» Exercise directions: The required output is the lines from the one with "Fête Du Terroir" through the end of the data, repeated verbatim, with no pictures included.

» Information provided:
■ ■ ■ ■ ■

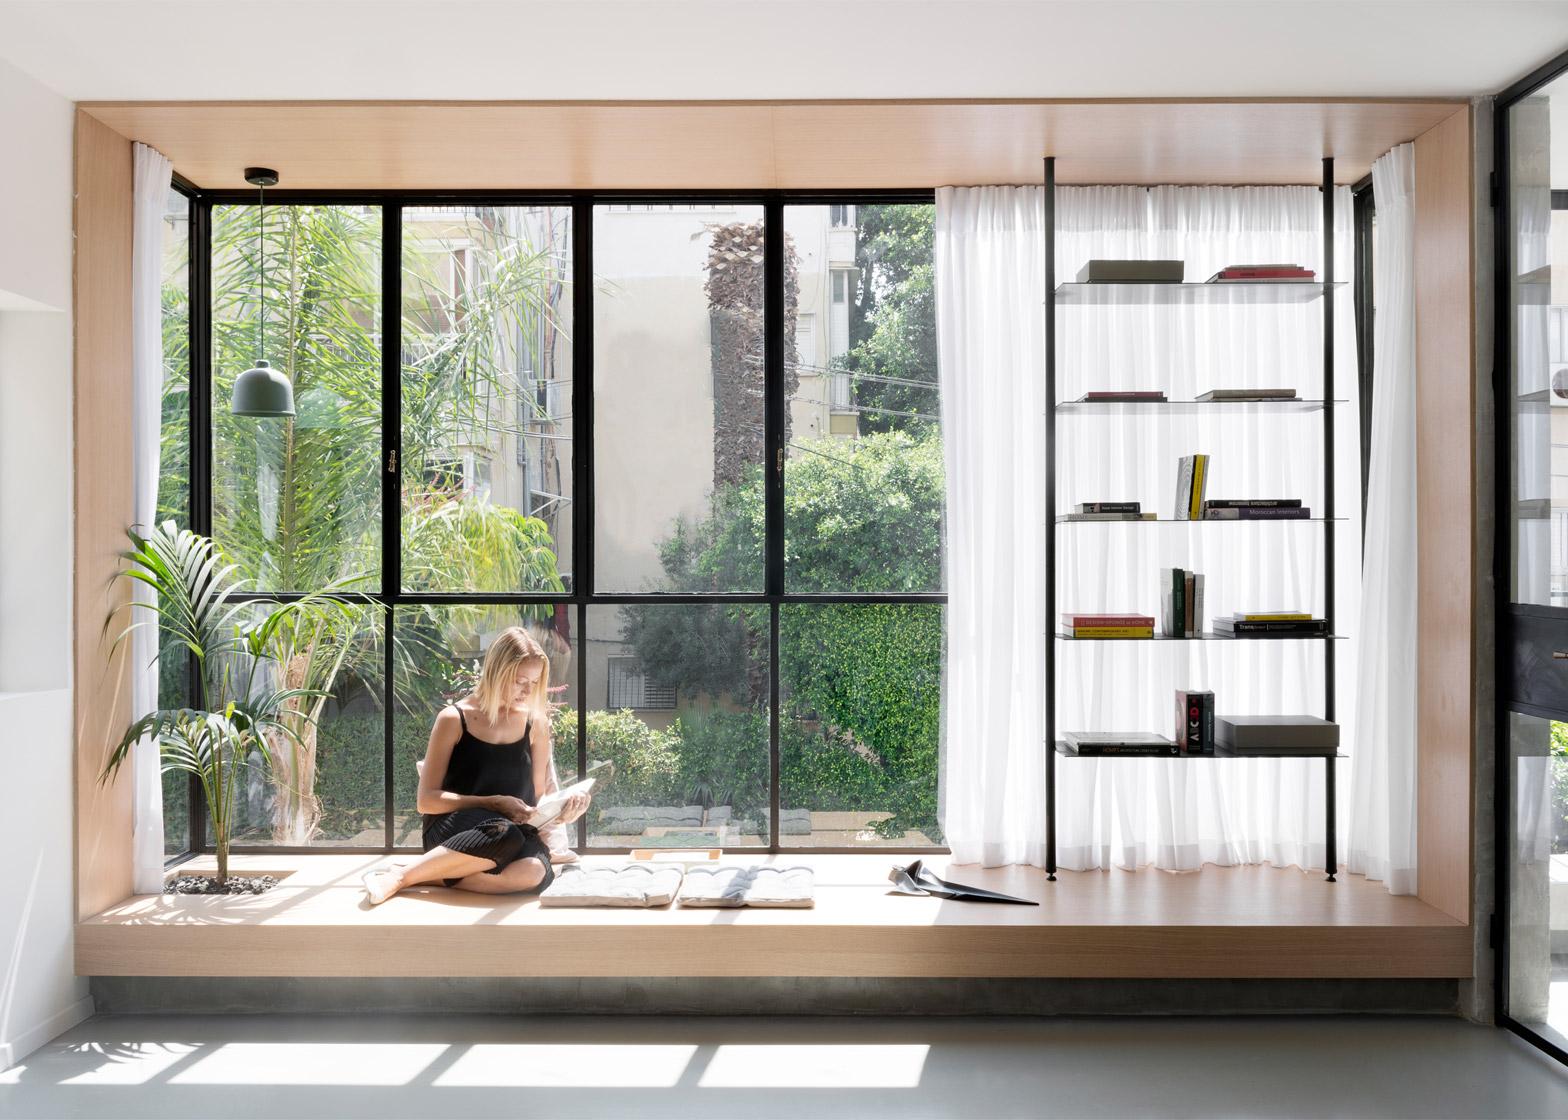 35 idee per l 39 angolo lettura livingcorriere - Davanzale interno finestra ...
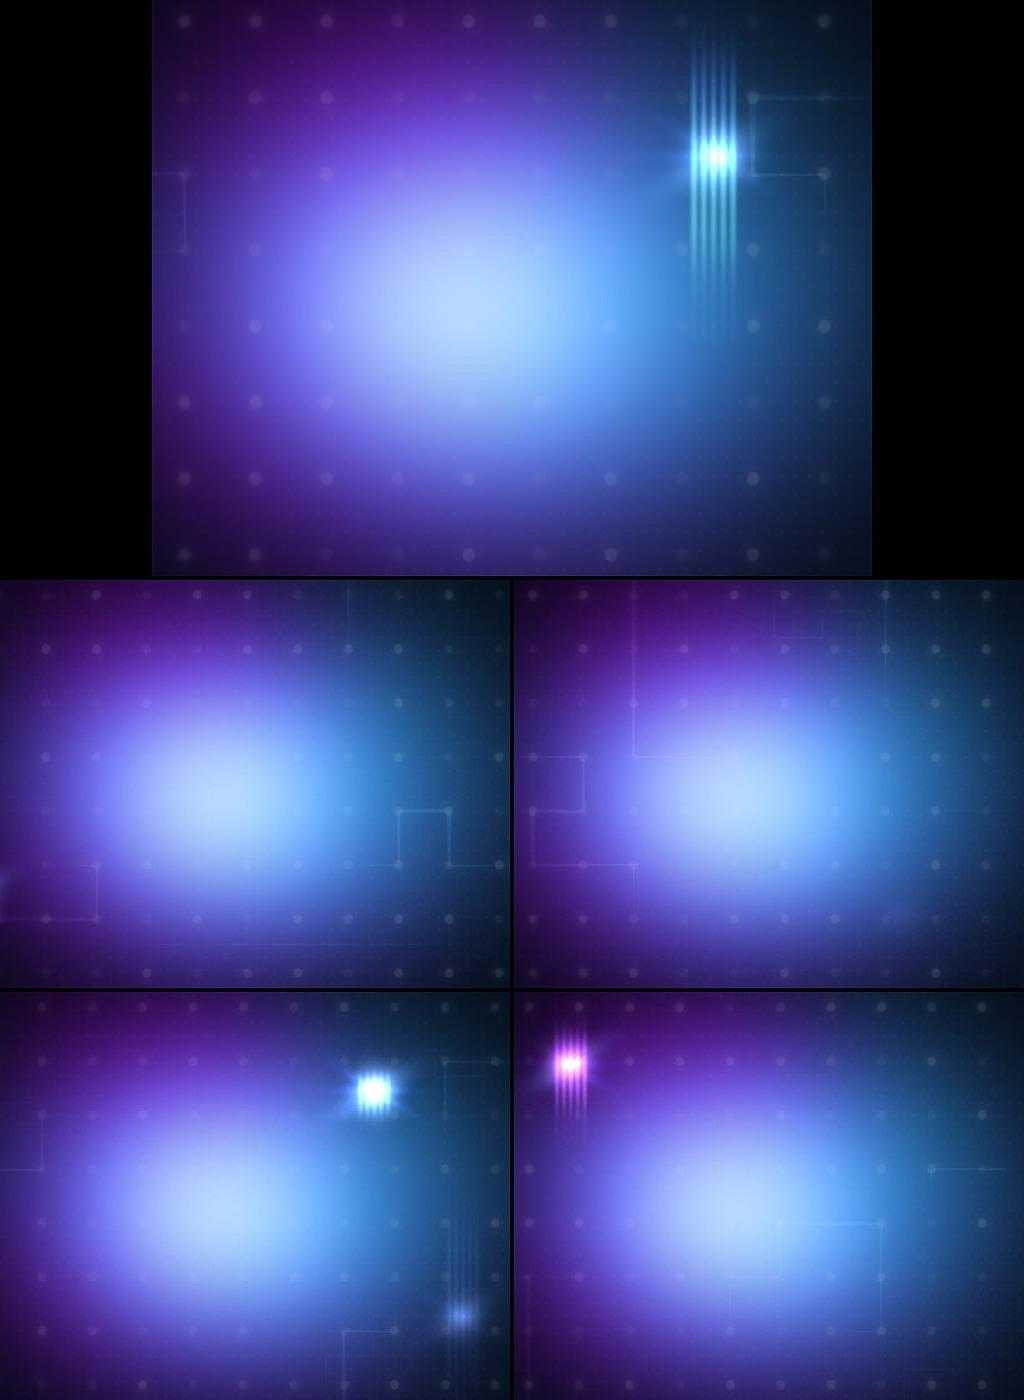 视频素材 动态视频素材 动态|特效|背景视频素材 > 简洁大气背景素材
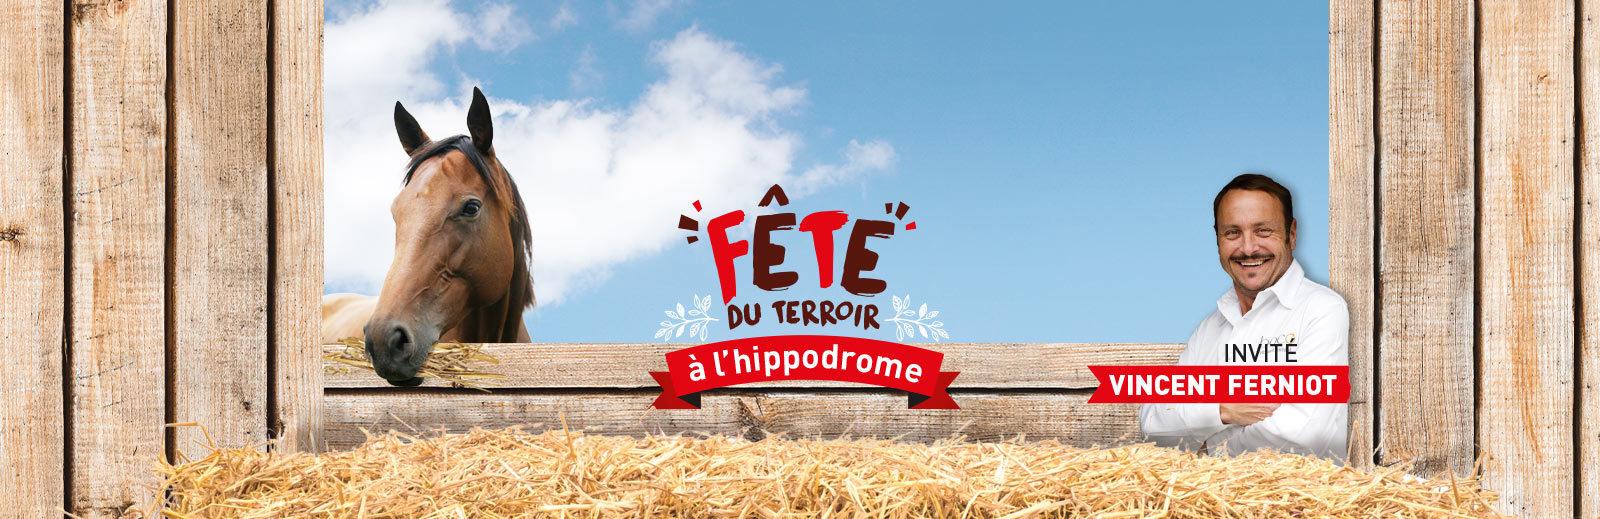 Fête Du Terroir Dimanche 3 Décembre - Vincennes Hippodrome concernant Invitation Hippodrome Vincennes
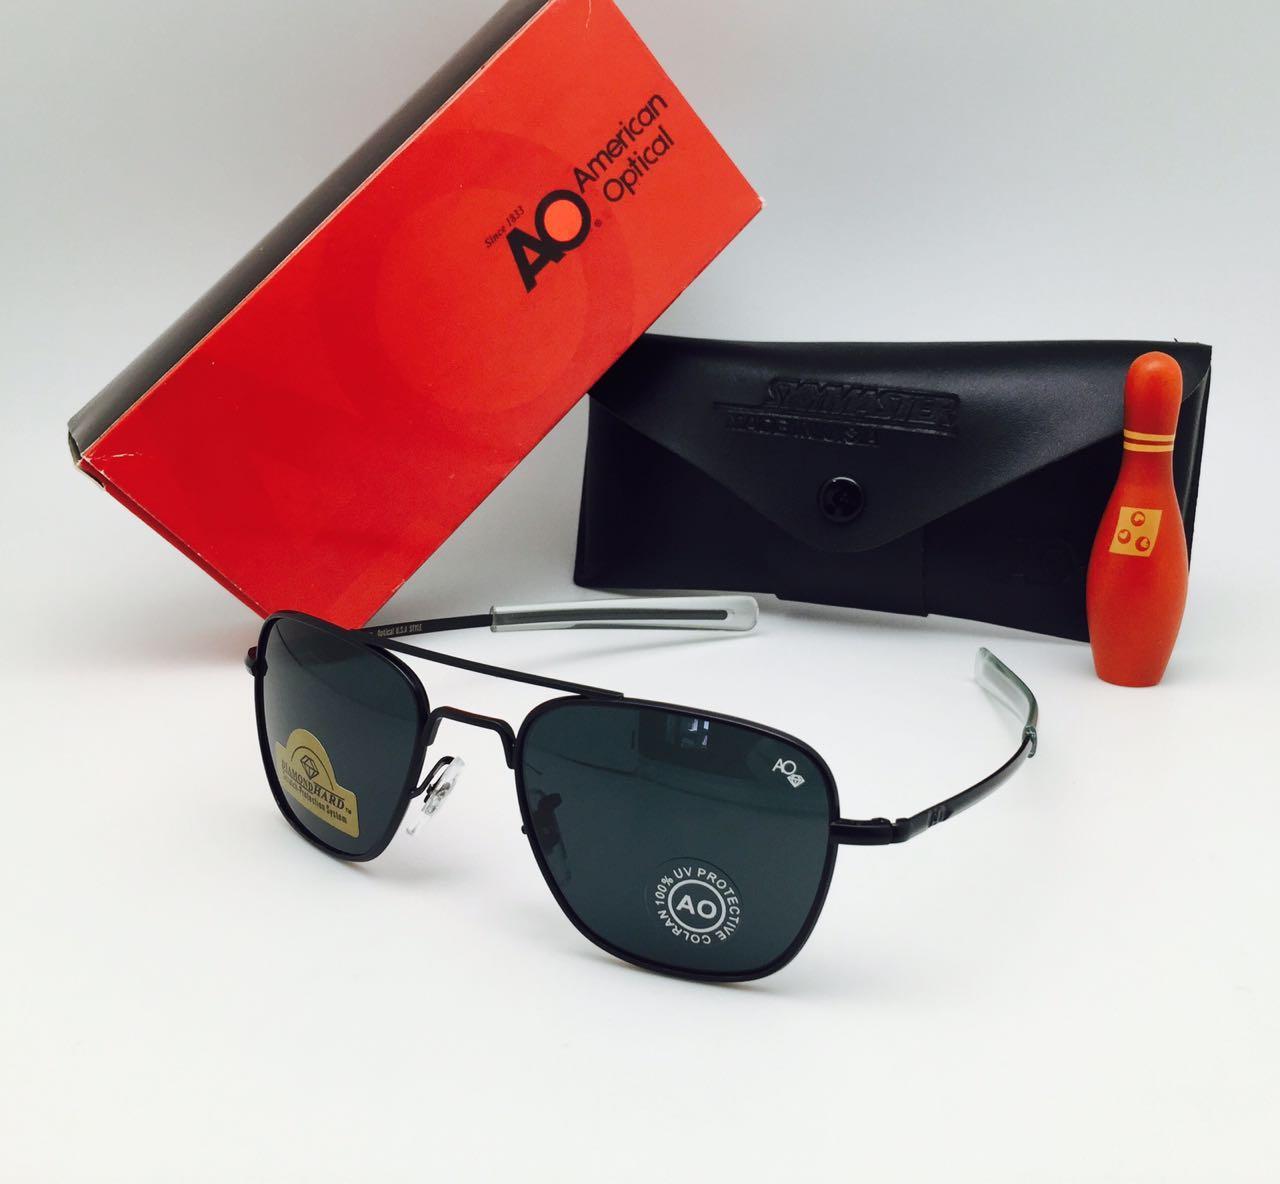 Kacamata Pria American Optical Polarized Kacamata Fashion Kacamata Sport Kacamata Outdoor - Frame H

■ ■ ■ ■ ■

» Written solution:
 Fête Du Terroir Dimanche 3 Décembre - Vincennes Hippodrome concernant Invitation Hippodrome Vincennes
 Kacamata Pria American Optical Polarized Kacamata Fashion Kacamata Sport Kacamata Outdoor - Frame H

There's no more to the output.